# Work instructions:
Without including any pictures, copy every line below exactly.

# Raw data:

■ ■ ■

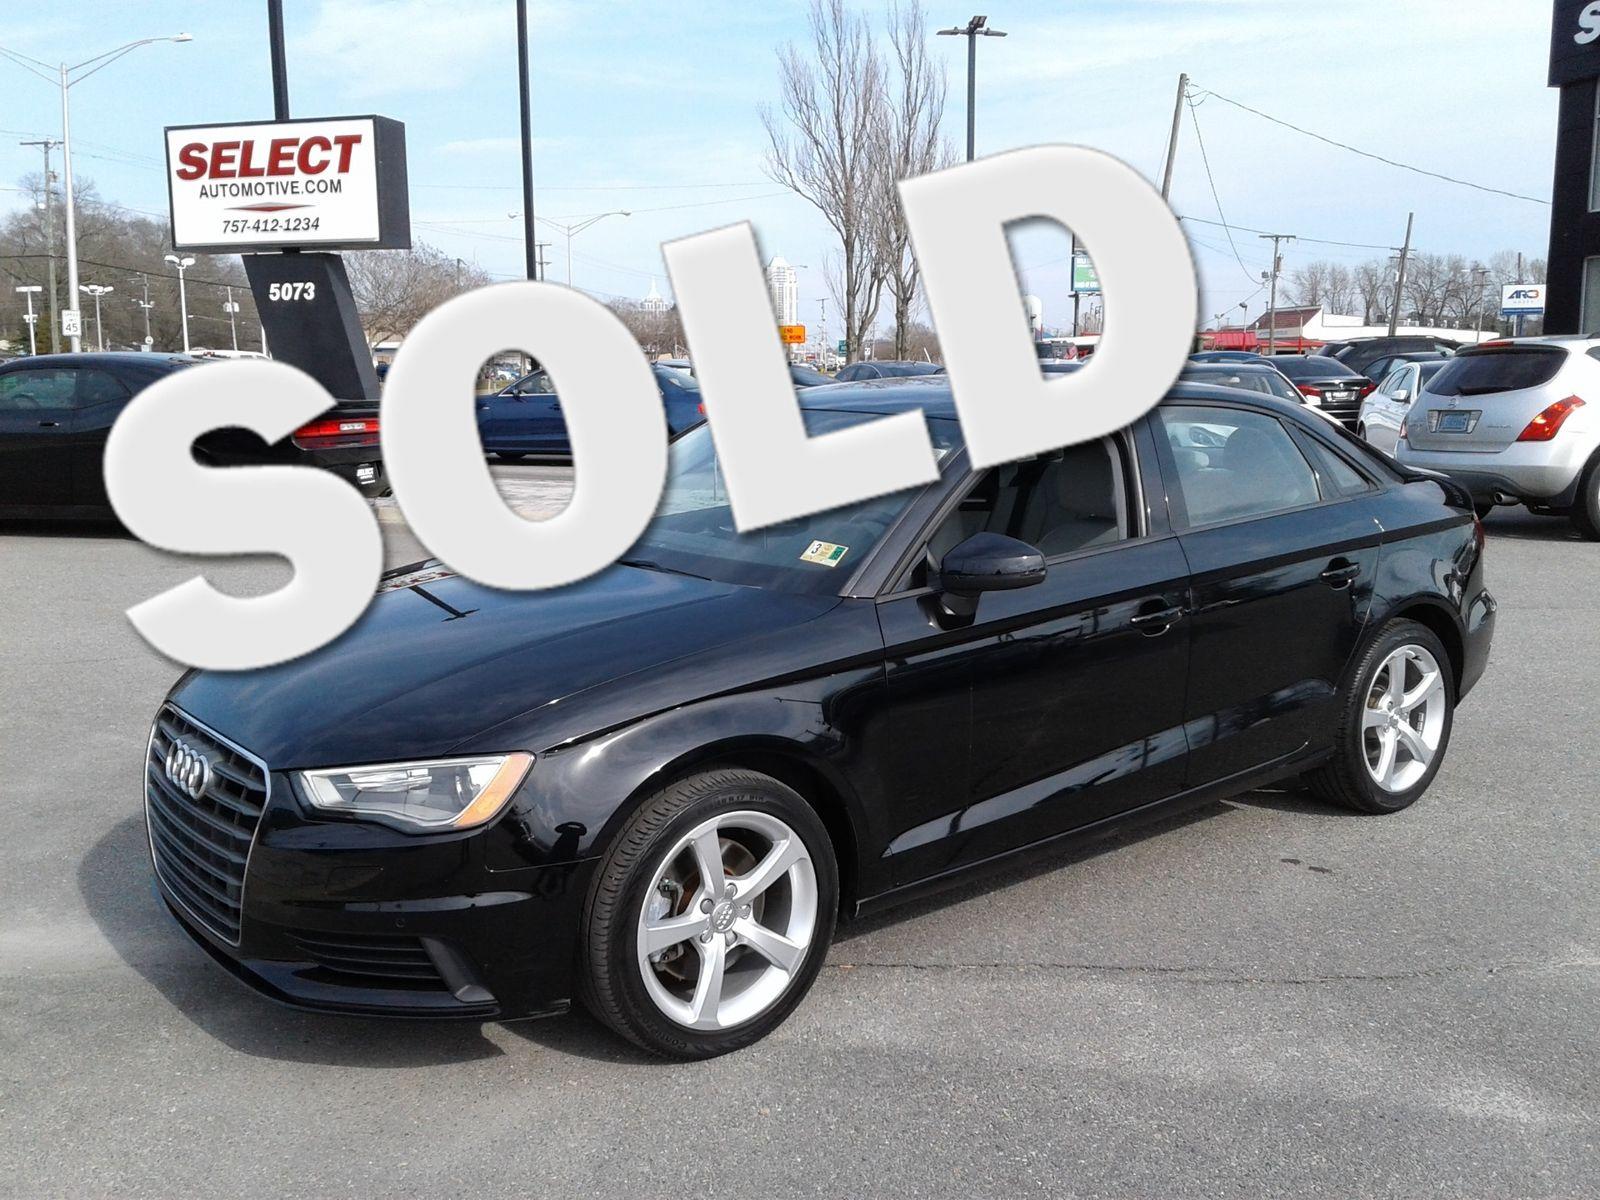 Audi A Premium Turbo City Virginia Select Automotive VA - Audi virginia beach
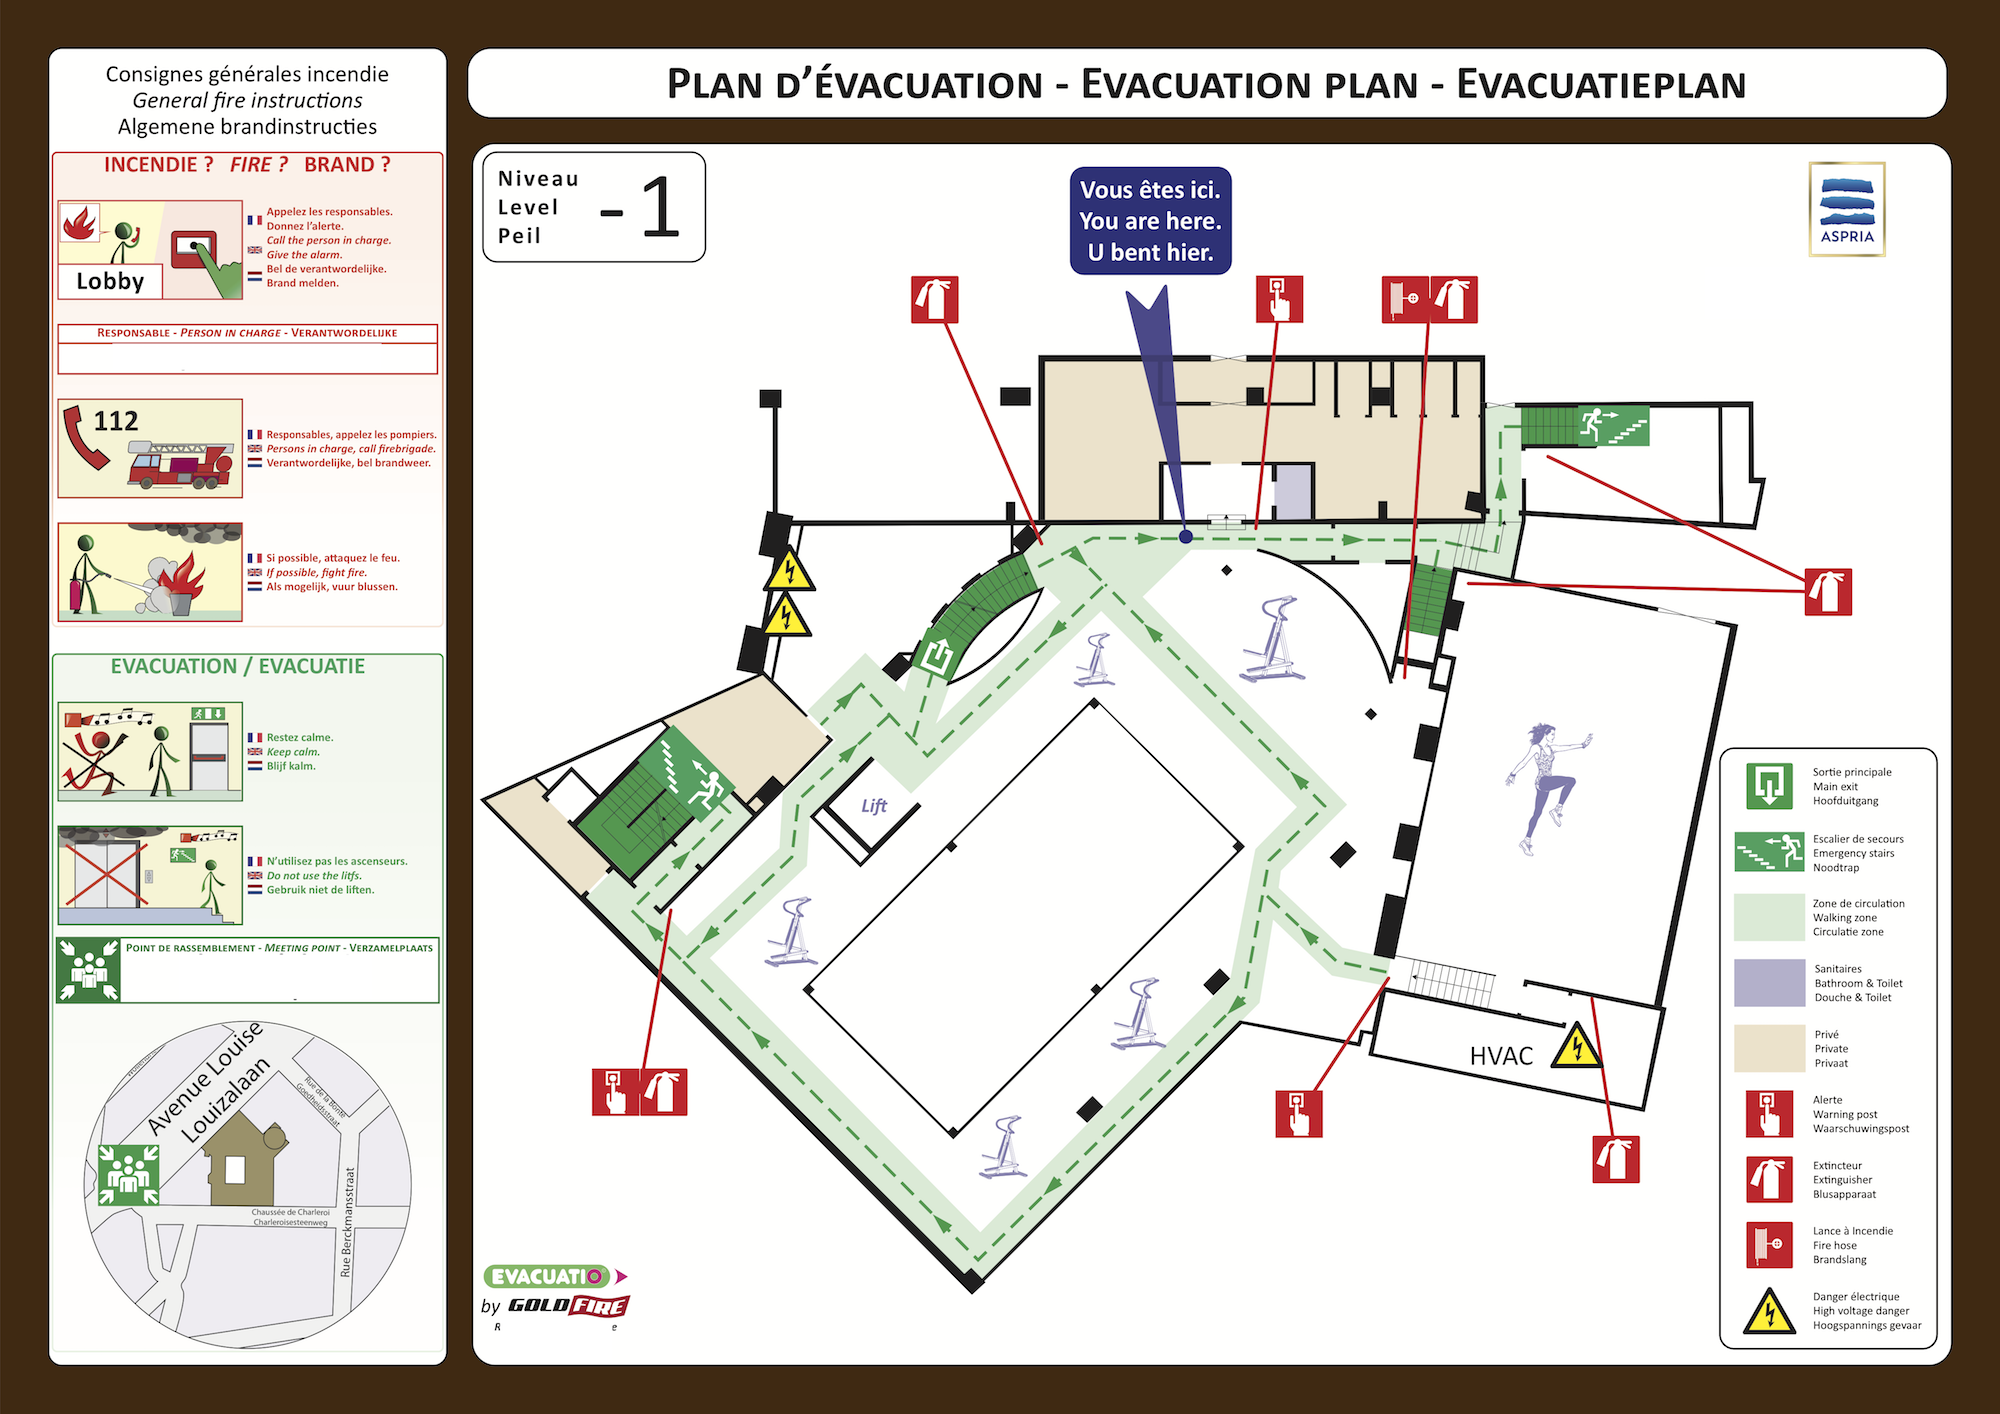 evacuatio evacuation plan. Black Bedroom Furniture Sets. Home Design Ideas
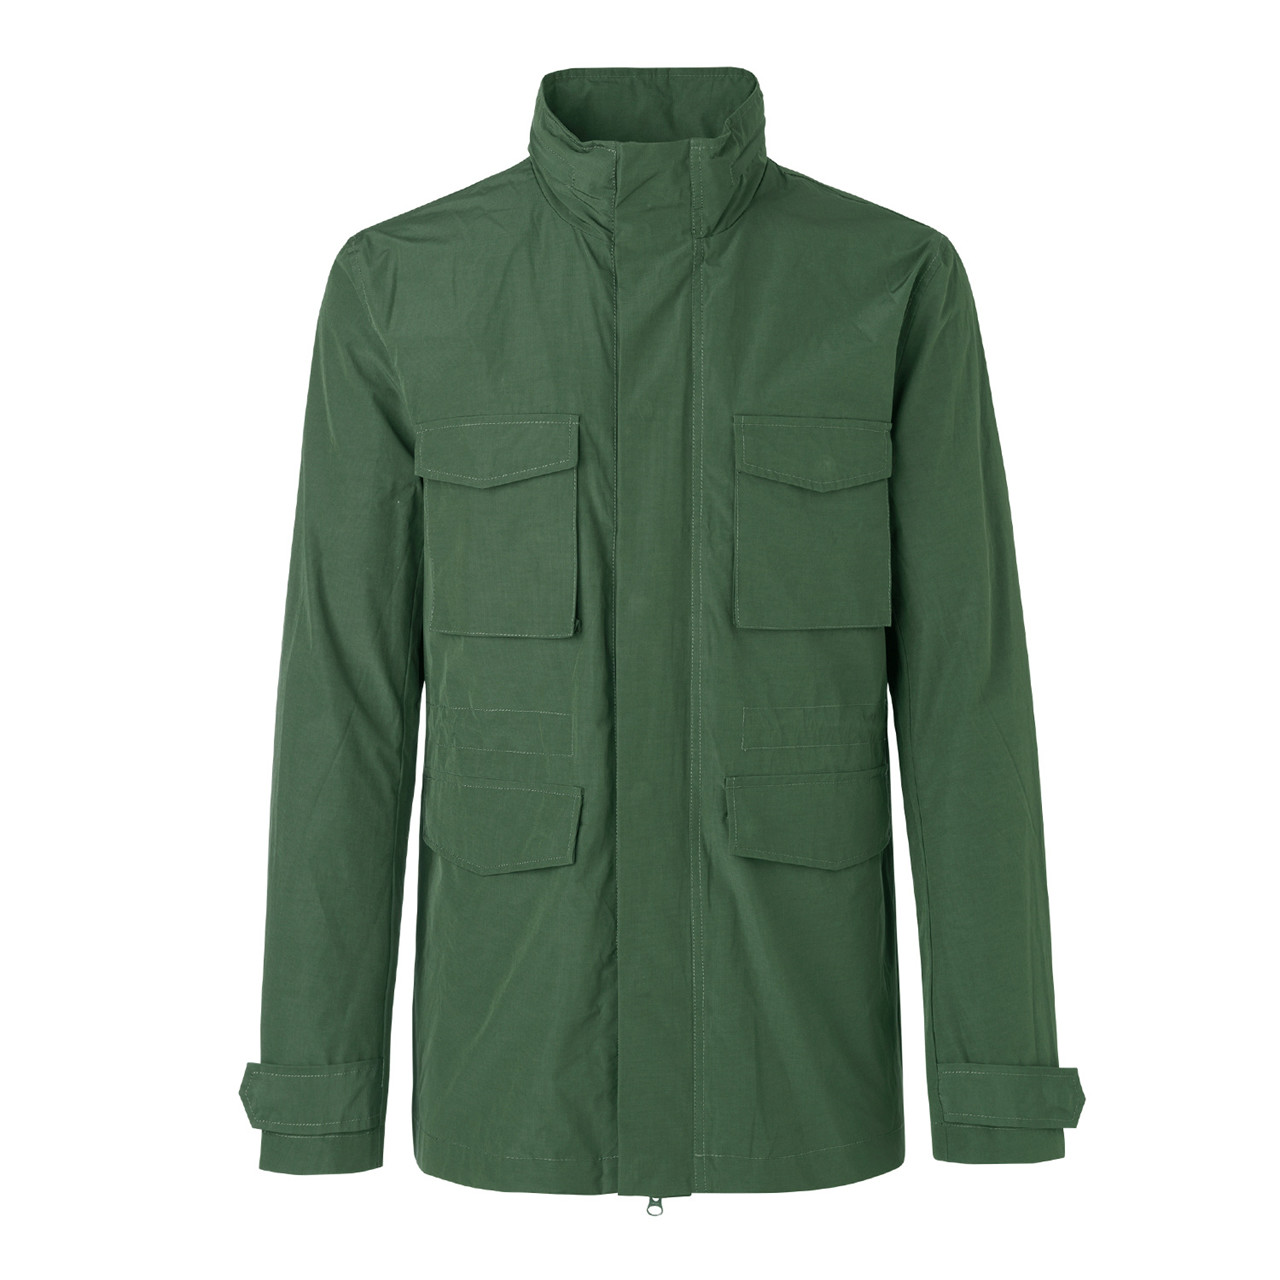 e54db0926a9 Samsøe samsøe grøn jakke

■ ■ ■

# Answer section:
 Audi A Premium Turbo City Virginia Select Automotive VA - Audi virginia beach
 evacuatio evacuation plan. Black Bedroom Furniture Sets. Home Design Ideas
 e54db0926a9 Samsøe samsøe grøn jakke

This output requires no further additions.